ABOUT THIS EXERCISE:
Retype the listing exactly, with no images.
#### DATA EXCERPT
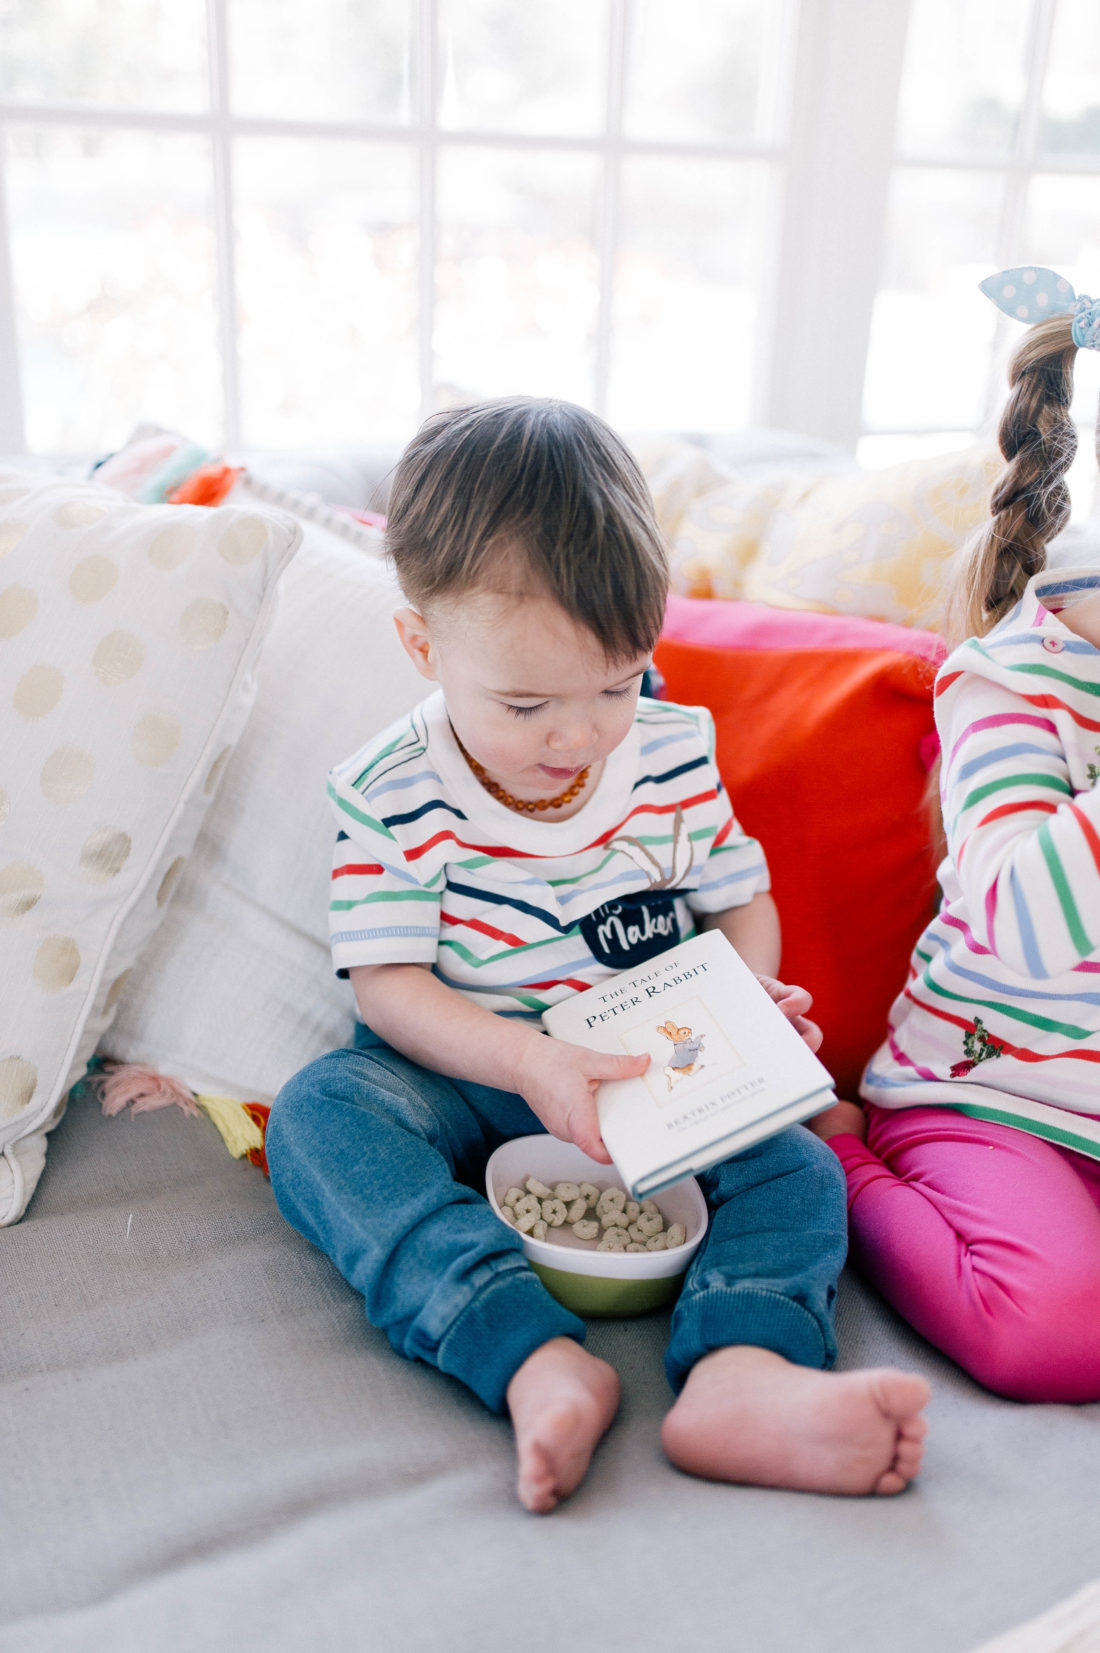 Major Martino wears a striped top and reads Peter Rabbit with a bowl of snacks
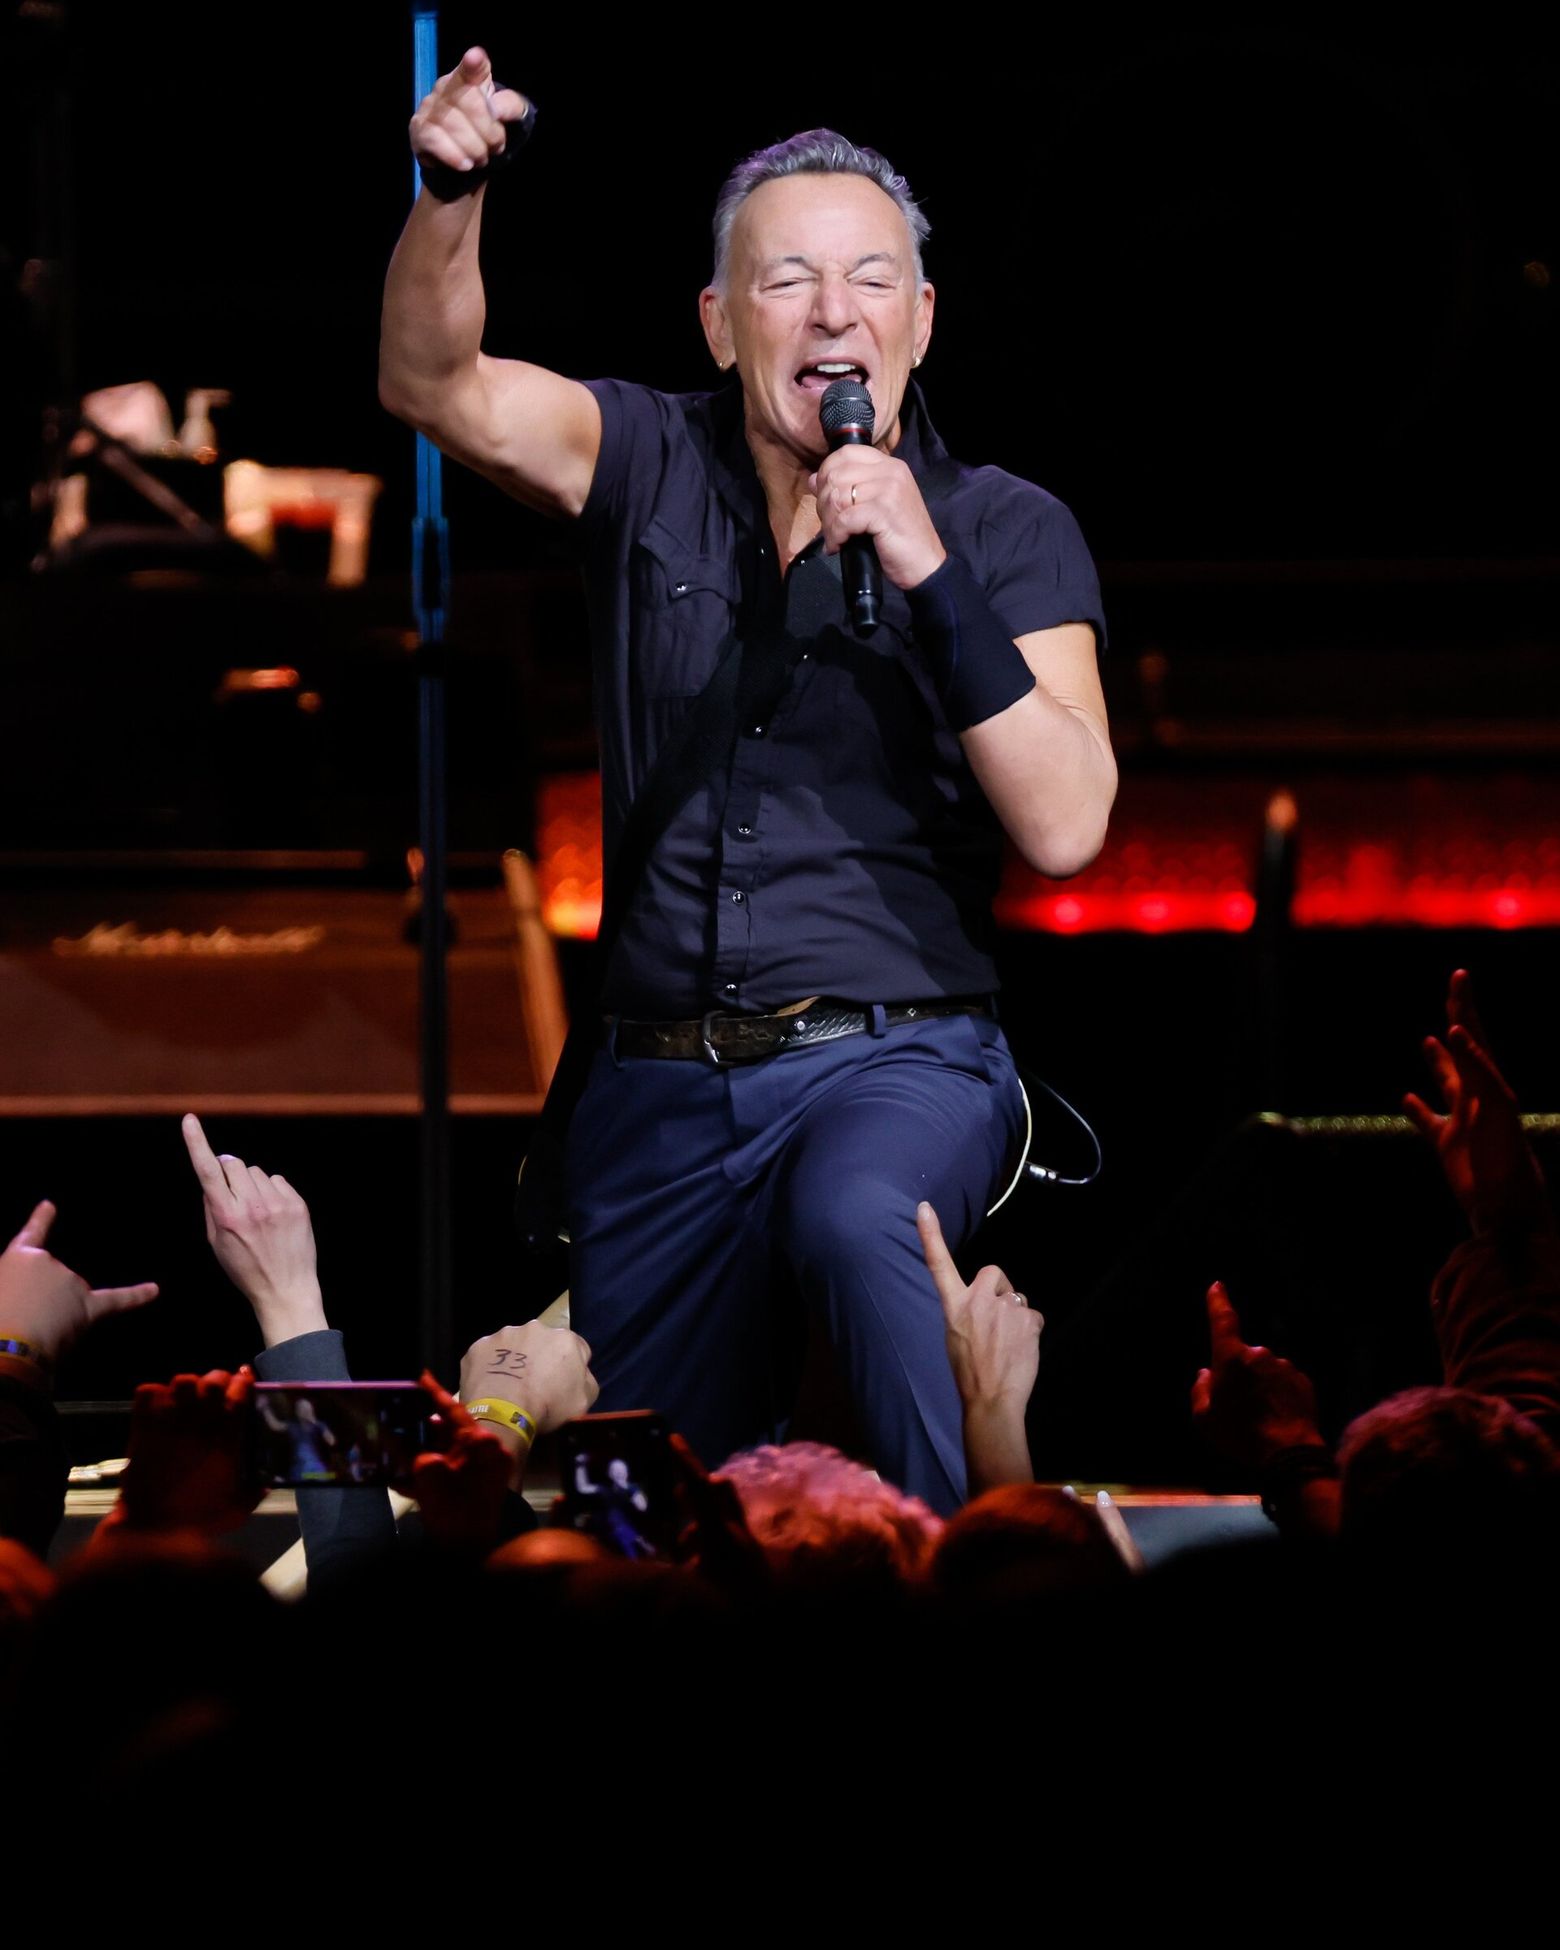 Getting Into… Bruce Springsteen
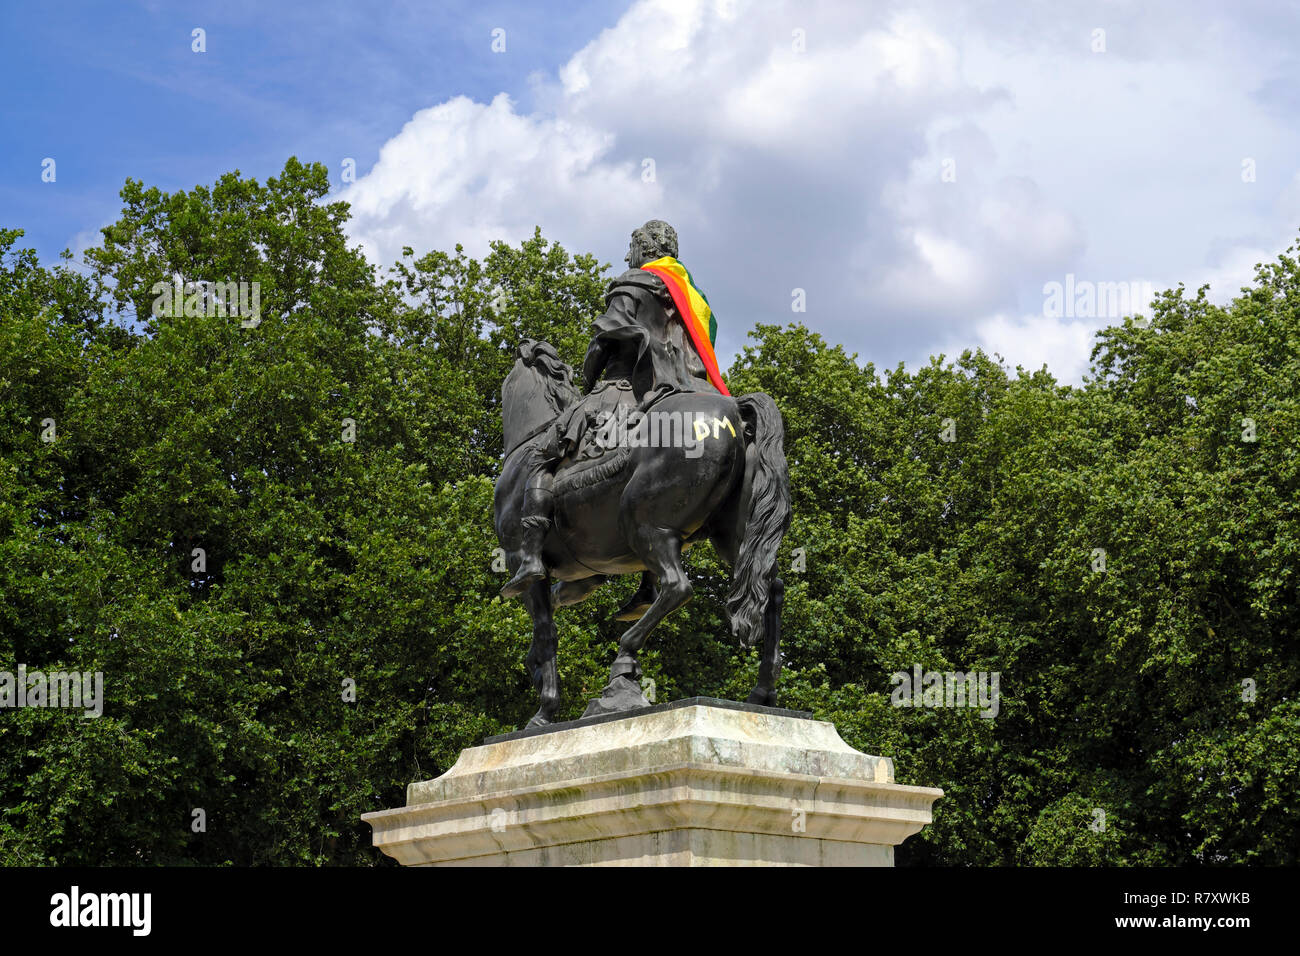 A statue of William III in Bristol, UK wears a Pride flag as a cloak during Bristol Pride 2017. Stock Photo
########
FINISHED TASK:
 Major Martino wears a striped top and reads Peter Rabbit with a bowl of snacks
 Getting Into… Bruce Springsteen
 A statue of William III in Bristol, UK wears a Pride flag as a cloak during Bristol Pride 2017. Stock Photo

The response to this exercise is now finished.